Technology

Can Facebook and Twitter put the brakes on the flood of disinformation?


First, the good news. With a US presidential election under three weeks away, Facebook and Twitter are working overtime to try to stem the flow of misinformation.

Both companies acted quickly on Wednesday against a New York Post article based on information of uncertain provenance that could be highly damaging to the Joe Biden campaign. Facebook said it was slowing the spread of the article on its network, while Twitter blocked it outright.

The problem: The more active the networks get, the greater the outrage they provoke on one side or the other. At a time of extreme partisanship, any action is an open invitation to politicians to wade in with swingeing regulation. Republicans, already baying to strip internet companies of the legal protections that allow them to control what appears on their platforms, have just been handed another piece of red meat.

The large number of interventions and policy changes announced by the networks in recent weeks has been hard to keep track of. It suggests they are on red alert. But coming this close to an election, it inevitably looks piecemeal and reactive.

Earlier in the week, for instance, Mark Zuckerberg, Facebook chief executive, decided that Holocaust denial should have no place on Facebook — reversing a controversial position he struck two years ago. This followed a week in which the platform sought to expunge the QAnon conspiracy theory from its network and extended its limits on US political advertising. Twitter, meanwhile, came up with a raft of adjustments that included forcing users to think harder before retweeting information deemed misleading.

Facebook likes to say it has spent four years learning how to deal with election misinformation.

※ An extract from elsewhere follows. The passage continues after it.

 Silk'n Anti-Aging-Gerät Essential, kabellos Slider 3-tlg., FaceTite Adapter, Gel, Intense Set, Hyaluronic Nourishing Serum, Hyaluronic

If so, then the last-minute fixes suggest that there is much it is still trying to work out.

To an extent, the reactiveness is inescapable. Social behaviour changes in response to changes in the rules. Outlaw one type of behaviour, and it will mutate into something different.

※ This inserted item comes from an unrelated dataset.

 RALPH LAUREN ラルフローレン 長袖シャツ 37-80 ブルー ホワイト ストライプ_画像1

Also, the nature of the threat to be guarded again is not constant. It was only after President Donald Trump questioned the validity of the election if he lost that the risk of someone preemptively claiming victory became a pressing issue for the networks to deal with.

Putting the brakes on how fast information can spread until its validity can be established also seems a pragmatic way to protect users without heavy-handed censorship. This, though, raises other issues.

One is the lack of transparency. It’s impossible to tell how effective the limits on transmission are, or how much information is affected. Renée DiResta, a researcher at the Stanford Internet Observatory, points out that there is a precedent here: Facebook already publishes a register of political ads, so it could easily do the same with material subject to distribution restrictions, while also sharing more data with independent researchers.

Another problem with acting pre-emptively to slow the spread of material before it goes viral is that it interferes with the fundamental design of the network. It amounts to throwing sand in the gears of a machine built for velocity.

Whether Facebook has adequate incentives to take such a step is open to question. The wave of fake news aimed at undermining Hillary Clinton before the 2016 election was enthusiastically taken up and passed on by many in its audience. But the platform, for its part, claims that angry users return to the service less often, giving it strong incentives to stamp out the kind of false and divisive information that makes voters’ blood boil.

If applied over-aggressively, slowing the spread of information also risks making Facebook less effective as a real-time information network, says Ms DiResta. The company has failed to grapple with trade-offs like this in the past, but now seems intent on finding a better balance.

As for the risk of inviting a political and regulatory backlash: regulation, at this point, looks both inevitable and necessary. Enforcing broader policies now to keep misinformation in check gives Facebook its best chance of demonstrating which approaches work best, and influencing the shape of future regulation.

If the fractious 2020 election doesn’t descend into social media chaos, it could become a valuable proving ground. But that’s still a big “if”.